The Tiger Forex Report 4-15-24
The Tiger Forex Report – Week of 4/15 – 4/19/2024
The DXY is looking to press the upside target #1. Geopolitics are sure to create some swings. Be nimble this week.
Crude Oil is starting to consolidate. More Bullish action is on the menu as Middle-East tensions grow.
30yr T-Bond Bears are in control as inflation fears rise. This reinforces the downtrend.
EURUSD Weekly Outlook:
Volatility in the EURUSD is heating up, and the Bears are in control. It is a sell rally forecast as the market tries to press new move lows to the downside target #1. This is about all that should manifest from an extended leg lower. Watch economic numbers. Every uptick in inflation should help to drive new move lows in this market.
Only a rally into the old critical support band would cancel the negative forecast. Trading in this area puts this currency back into the giant range trade mode. Do not be surprised if this occurs. We are likely testing the lower band of the range that this market may hold for the next few months to come. A close above the monthly directional pivot level would be needed to have any real Bullish shift in momentum.
GBPUSD Weekly Outlook:
The Pound is under the gun, but a bounce may be on the horizon. New move lows are pressing the downside correction band, and this is a key area. It is expected that the market will hold up in this area. If the GBPUSD gets below here there will be an update to figure out the extended downside forecast.
Above the downside correction band, the market will be in limbo up to the monthly directional pivot level. This is the hurdle to cross for any true Bullish confirmation. A violation here should ignite fresh buying. But do not get too excited. This just puts the GBPUSD into a wide-range trade zone. It would take a rally above the upside target #1 to confirm any multi-month shift in trend.
USDCHF Weekly Outlook:
USDCHF traders are trying to maintain the Bullish trend. Be careful. This Bull may be running out of gas. The upside target level is key. A breach of this area should touch off weak Stops and help propel this market up towards the 0.9300 level.
Below 0.9149 the Bears will be in a digestive phase back to the digestion area. This should be it for a pullback. The trend is strong, and unless there is a big sell-off in the USD, it is not likely that the USDCHF will get a big Bearish move. The critical short-term support band should be the floor for any harsh reversal for this currency pair.
USDJPY Weekly Outlook:
The BOJ is not getting much rest lately with the USDJPY trading at these high levels. The market is hovering around the 153.50 key pivot level. Use this for the market’s bias. Below here the market should fall back on the old upside target level. This area is likely to become a new floor for the market, but a print under here could touch off fresh selling pressure. The critical short-term correction band is the Bearish objective.
It will be touch and go above the 153.50 level. As long as Crude Oil remains firm and Yields remain high there will be little incentive to get any strong selling pressure. 155.00 is the new upper target to aim for. But be ready for a spike high with a sharp pullback.
AUDUSD Weekly Outlook:
The Bears are in control, but momentum is weak. The AUDUSD is expected to ride support this week into the downside support band. The trend is more sideways than anything, and this market is likely to remain in the chop zone. It would be unwise to get too Bearish on this FX pair unless the USD gets a big rally.

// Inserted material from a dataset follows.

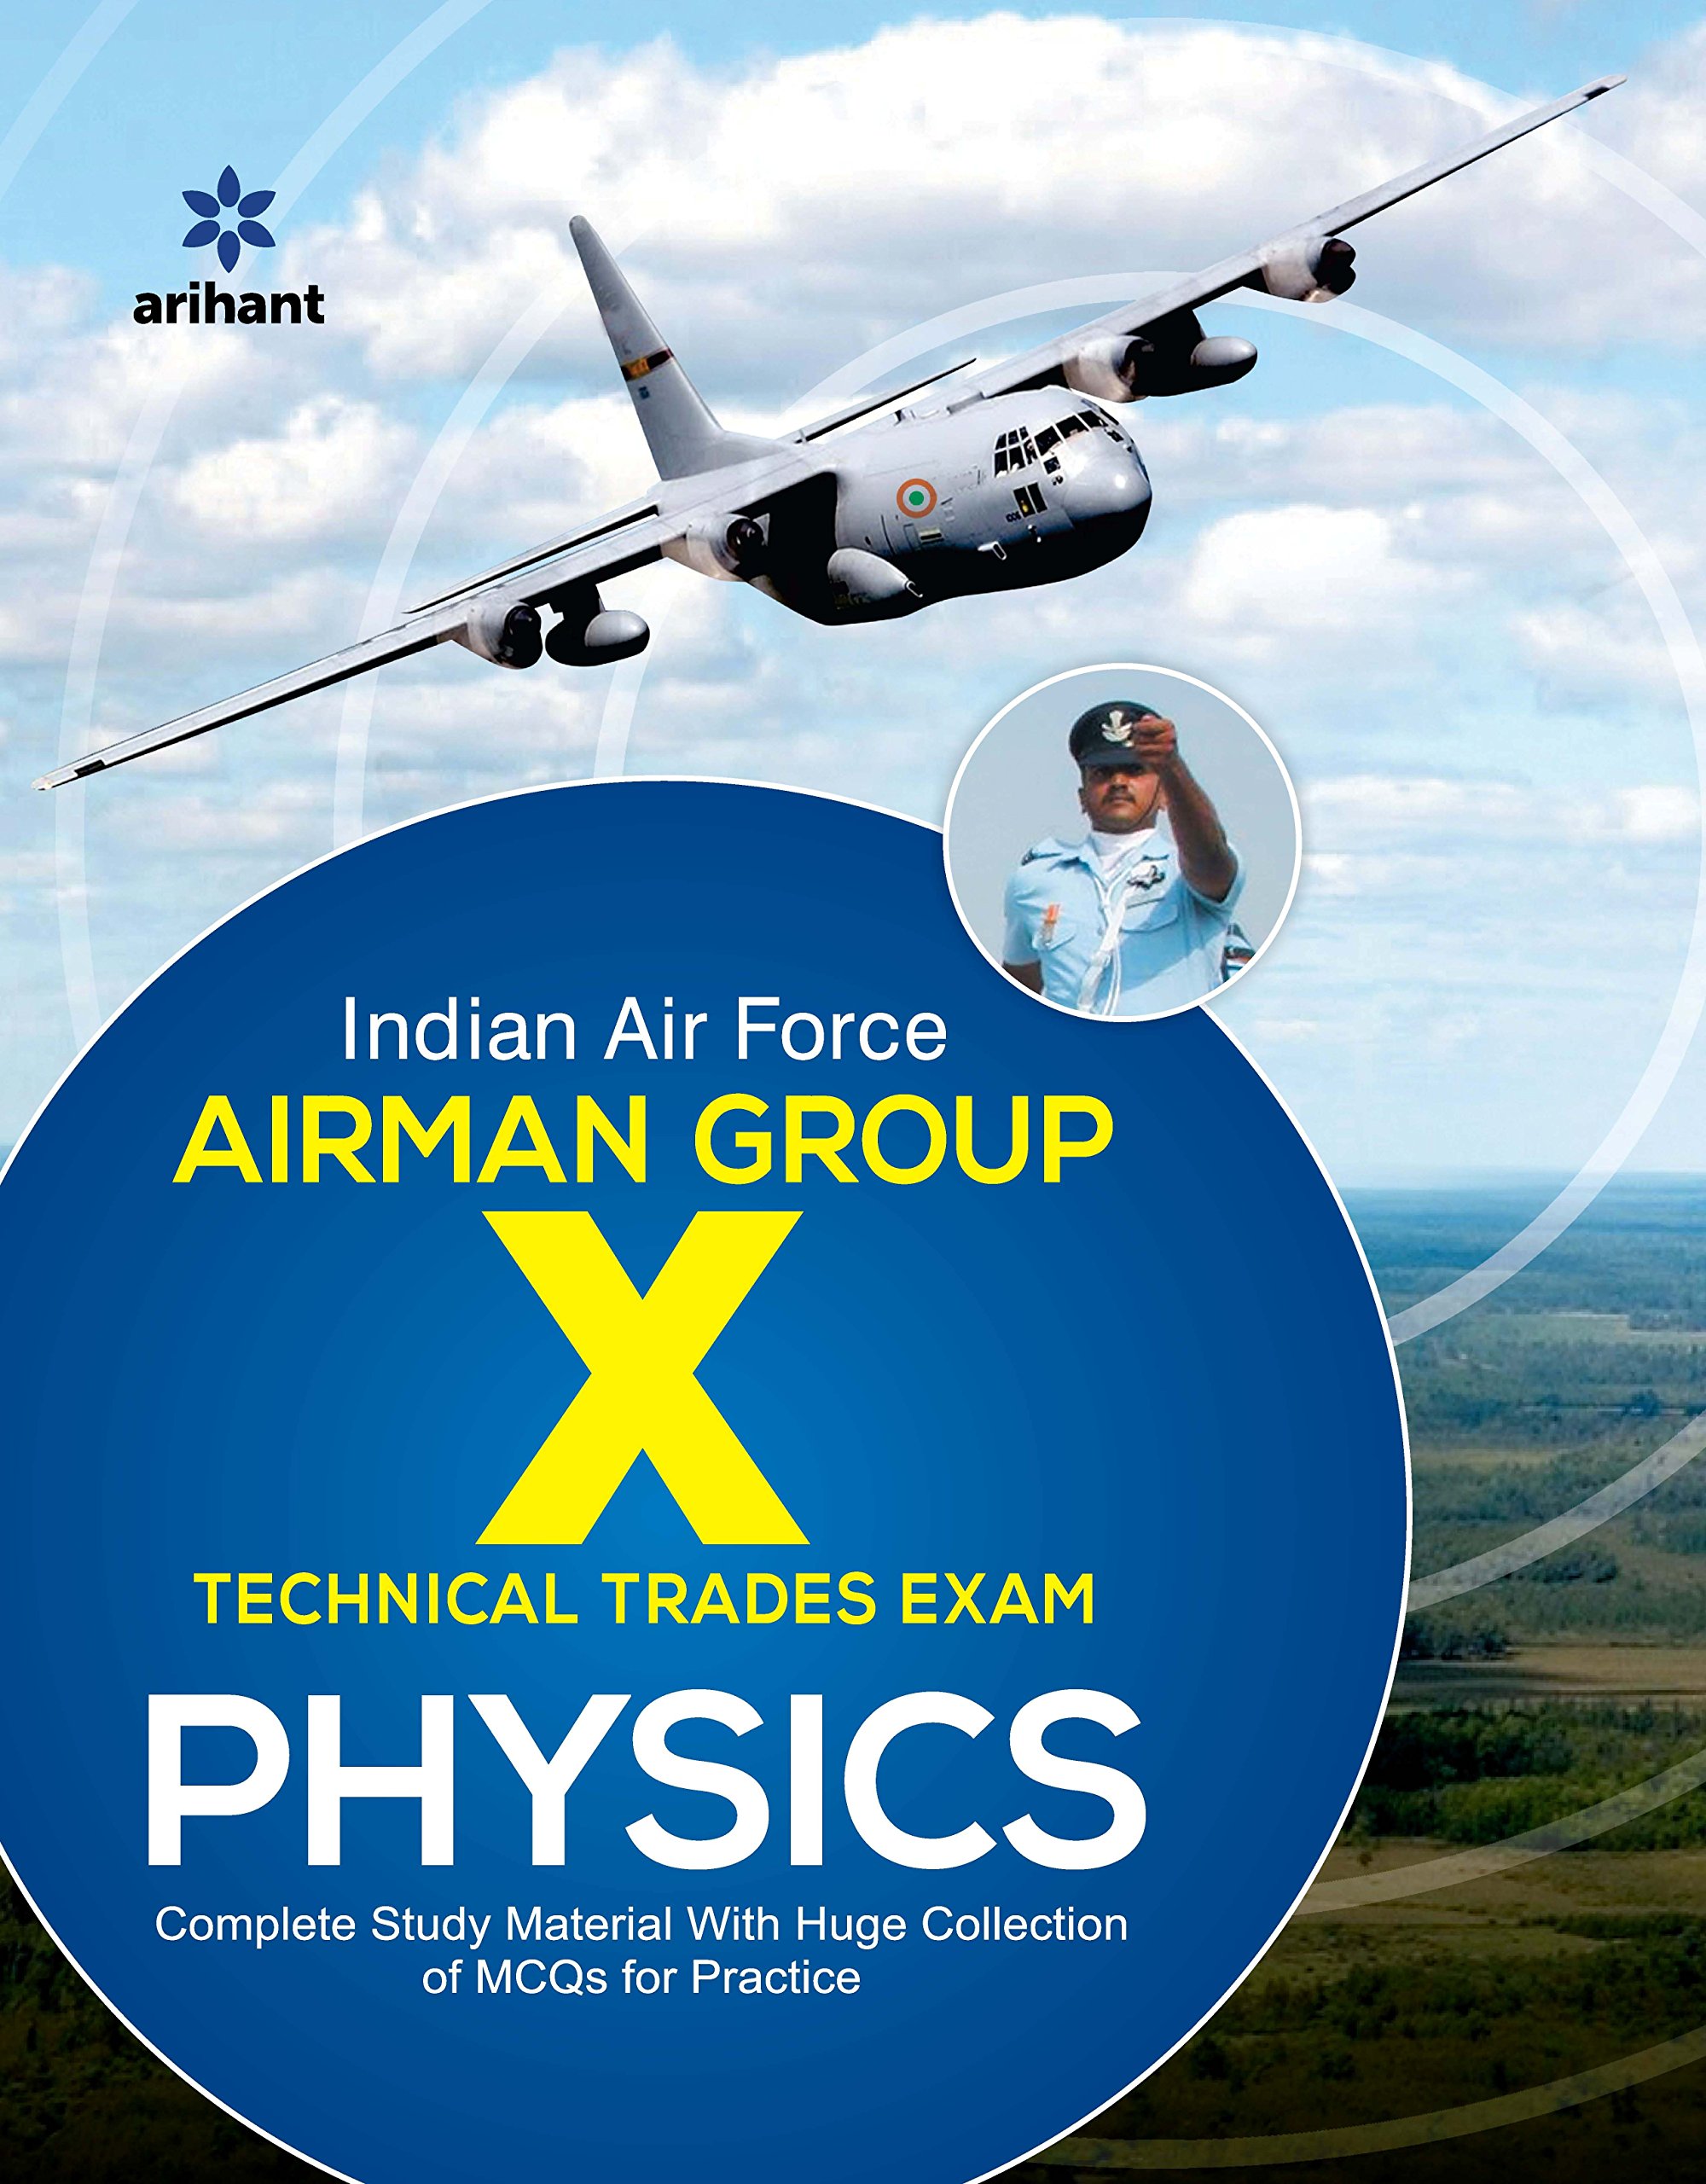 Indian Air Force Airman Group 'X' PHYSICS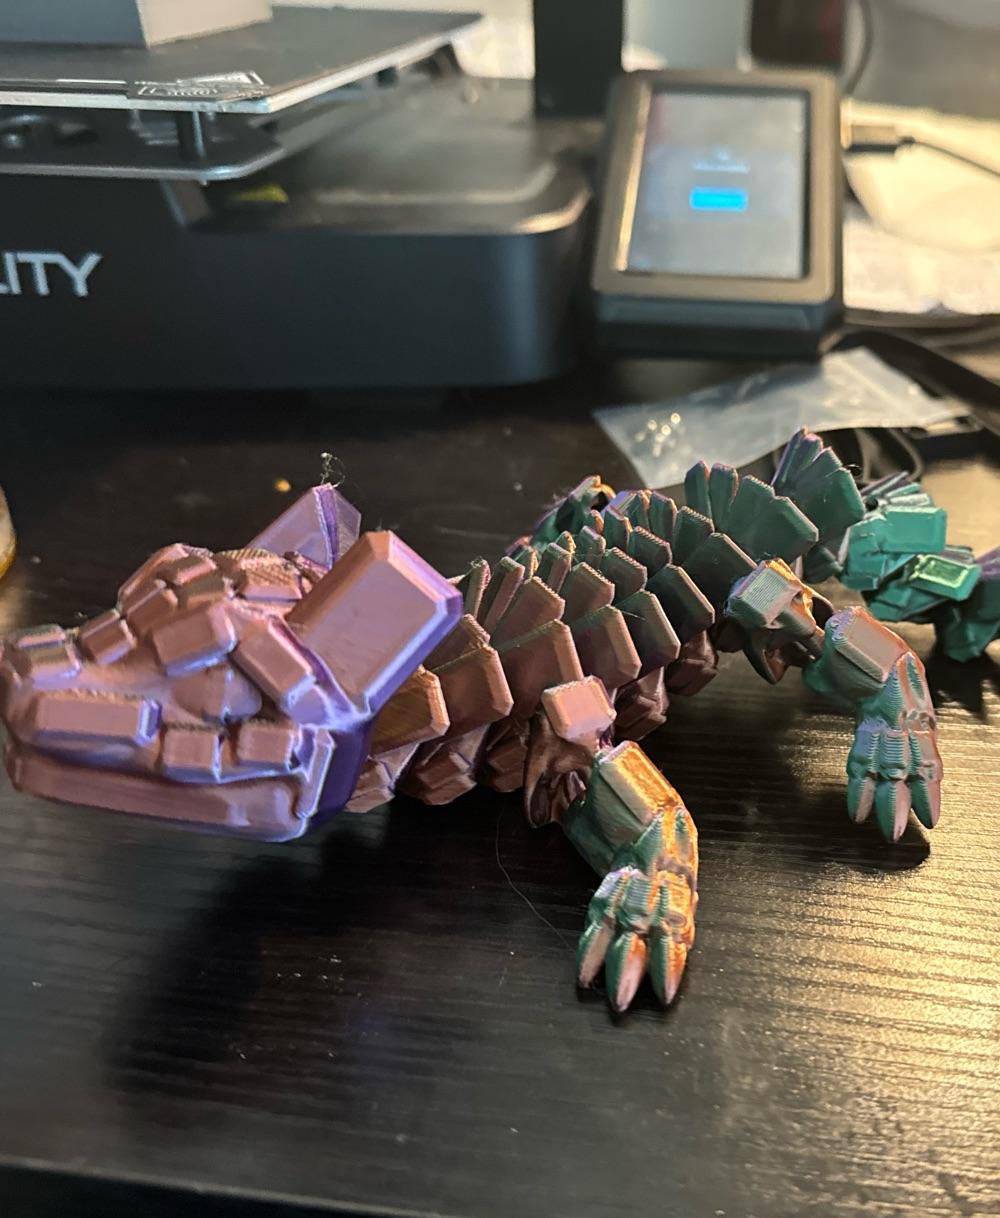 Articulated Dragon - Emerald Dragon - Snap-Flex Fidget Toy 3d model

A breach of the directional pivot level is needed to give the Bulls a chance at a fresh move. Trading above here would make the upside breakout level a viable target. But beware. The upside resistance band is most likely as high as the AUDUSD can get. Trading above here is unlikely unless the USD takes one hard on the chin.
NZDUSD Weekly Outlook:
Look out below as the NZDUSD tries to press new move lows towards the downside target level. Do not try and catch a falling knife. This currency has the potential to press lows into the critical support band. This is all that is likely out of an extended sell-off. A short-term consolidation phase is expected to develop soon.
It is a sell rally forecast up to the upside correction zone. Only a violation of this area would reverse expectations as the Bulls set this currency pair up to challenge the critical resistance band. Be careful if the NZDUSD gets back up into this area. There is not likely to be much upside potential above this area.
USDCAD Weekly Outlook:
The USDCAD is spiking through resistance, and a pause for the cause is likely. A choppy digestive trade is in the short-term outlook. The trend keeps this market pointed at the upside-bullish target level. This should contain the Bulls for a bit, and a consolidation phase is very likely. Keep your Stops tight. Only a close above the 1.3835 level would confirm any longer-term Bullish trend conditions.
If the market slips back below the 1.3700 level the Bears may spark a solid sell-off. Trading back in this area would have the USDCAD looking to fall back into the upper band of the last few months’ trading range. A failure from the downside breakout level is needed to confirm a fresh Bearish trend that targets the downside correction zone.